Gestion active. Les primes de risque alternatives
sont liées à la gestion systématique – par opposition
à la gestion discrétionnaire – et « sont le fruit d’un portefeuille qui bouge », relève un gérant. Cependant, si la
gestion est active, son horizon n’est pas forcément le
court terme. « Certaines primes de risque, comme celles
liées au suivi de tendance, se concrétisent après six à neuf
mois. A très court terme, les mouvements sur les marchés s’apparentent à du bruit statistique et ne sont pas
toujours significatifs. Sans compter que si les horizons
d’investissement sont très courts, les coûts de transaction
peuvent obérer tout ou partie de la performance de la
stratégie », déclare Etienne Rouzeau.
Une autre caractéristique des produits risk premia
est d’utiliser des techniques de gestion alternative.
« Pour être décorrélés, les portefeuilles représentatifs des
primes combinent simultanément des positions longues
(à l’achat) et des positions courtes (à la vente). Si ce
n’était pas le cas, la performance extraite ne serait pas
due à une prime alternative ‘pure’, mais elle serait aussi
liée à l’évolution du marché dans son ensemble, comme
dans le cas des produits smart bêta », explique Luc
Dumontier.
Nouvelle vague. Les offres élaborées à partir
des primes de risque alternatives n’en sont encore
qu’à leurs débuts, mais certains professionnels les
surveillent néanmoins de très près. « Nous vivons
aujourd’hui la seconde vague d’industrialisation de la
gestion. L’industrialisation du bêta est née avec la gestion
indicielle et l’industrialisation de l’alpha viendra des risk
premia, observe Cyril Lureau. Les primes de risques
alternatives vont bouleverser l’industrie de la gestion d’actifs. Et cela va prendre moins de dix ans. Les révolutions
industrielles vont de plus en plus vite. »

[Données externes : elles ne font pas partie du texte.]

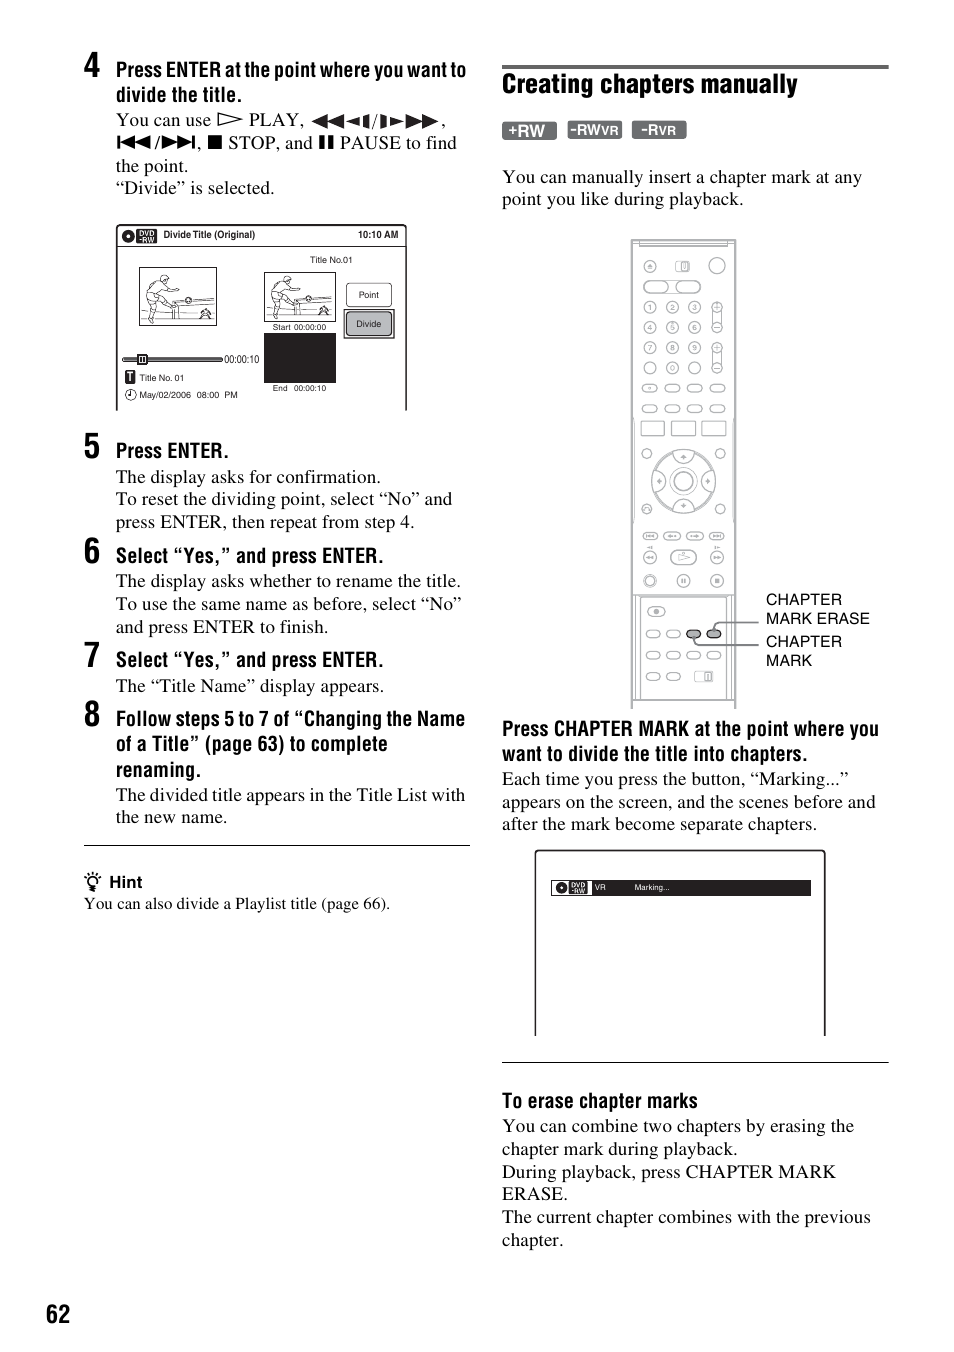 Creating chapters manually | Sony RDR-VX521 User Manual | Page 62 / 132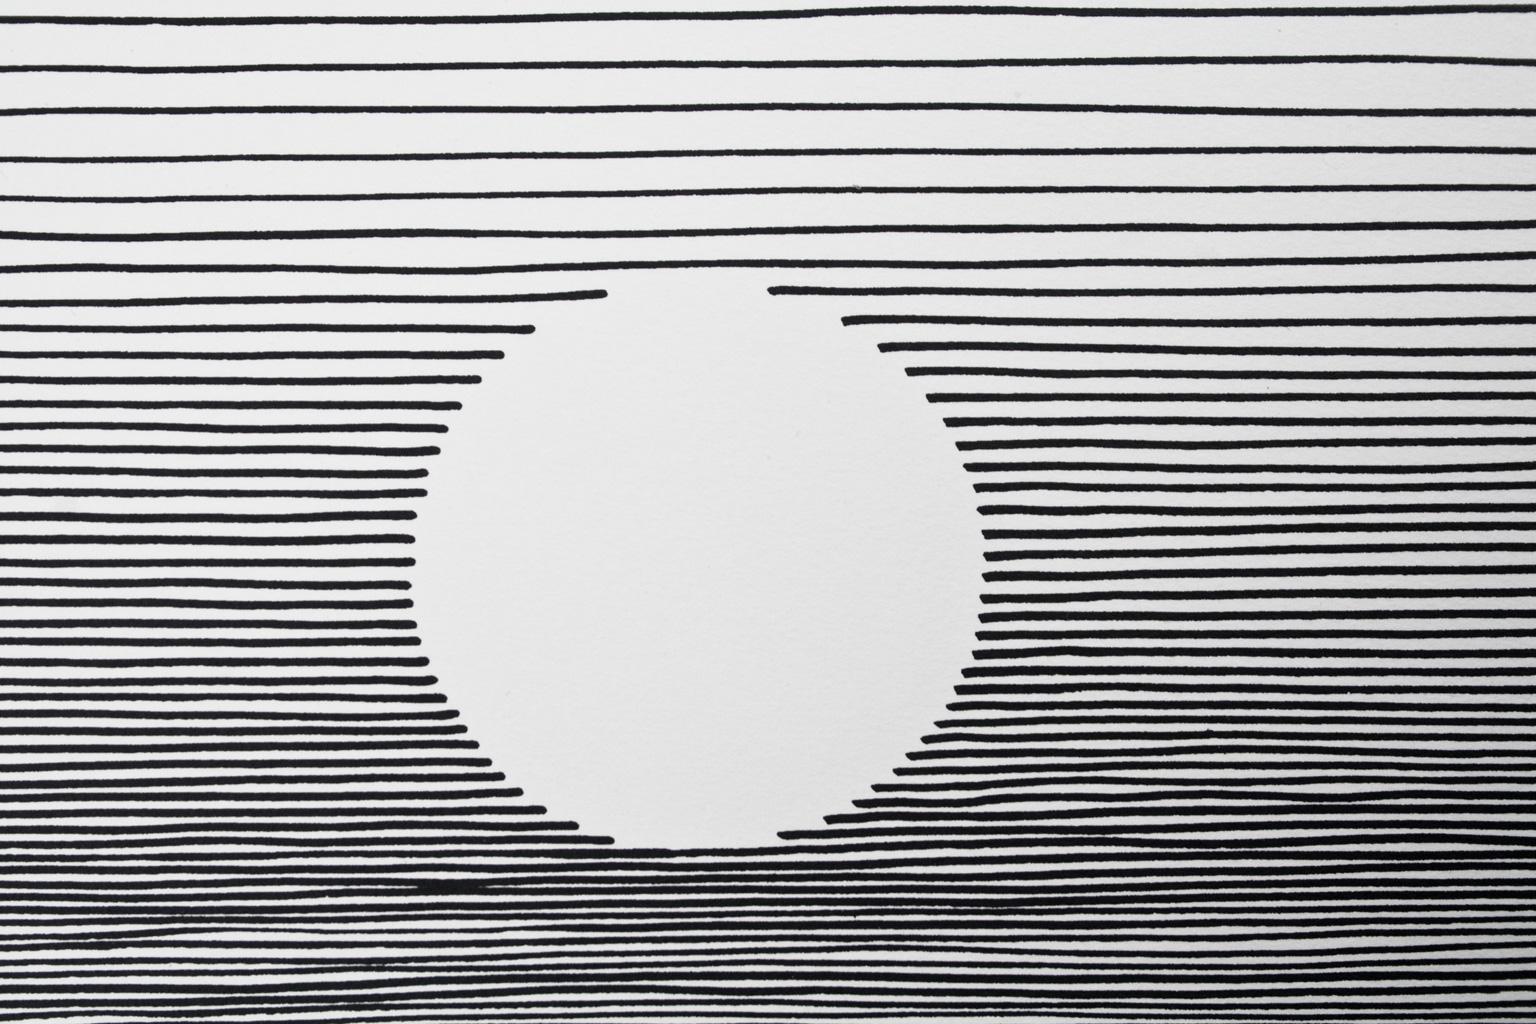 Belgian Abstract Lithograph in Black and White by Michel F. Berckelaers Seuphor, 1980

Aujourd’hui, les conditions sont réunies pour que
les stratégies de risk premia se développent. Elles ont
atteint une maturité du point de vue de la recherche
académique, répondent à un réel besoin des investisseurs aussi bien sur la diversification que la recherche
de rendement et n’ont pas à souffrir d’une image
dégradée comme cela a été – et est parfois toujours –
le cas pour les hedge funds.
Et si de nombreux professionnels s’interrogent
sur la capacité des primes de risque à procurer du
rendement lorsque leur utilisation se sera généralisée, ceux qui proposent ces produits répondent que
les primes de risque alternatives sont déjà exploitées
depuis toujours. Ce qui est nouveau, c’est simplement
la systématisation de leur extraction dans des produits
purs. Les gérants physiques pourvoyeurs d’alpha sont
loin de disparaître – et ce n’est pas souhaitable –, mais
d’ici à quelques années, peut-être moins, ils vont sans
aucun doute être mis sous pression par de nouveaux
produits aux tarifs plus proches de ceux des ETF que
des fonds traditionnels.
(1) Haugen, Heins, On the Evidence Supporting the Existence
of Risk Premiums in the Capital Market, 1972.
(2) Fama, French, The cross-section of expected stocks return,
Journal Of Finance, 1992.
(3) Jegadeesh,Titman, Returns to Buying Winners and Selling
Losers : Implications for Stock Market Efficiency, Journal
Of Finance, 1993.
(4) Carhart, On Persistence in Mutual Fund Performance, Journal
Of Finance, 1997.
(5) Ang, Goetzmann, Schaefer, Evaluation of active management
of the Norwegian Government Pension fund - Global, 2009.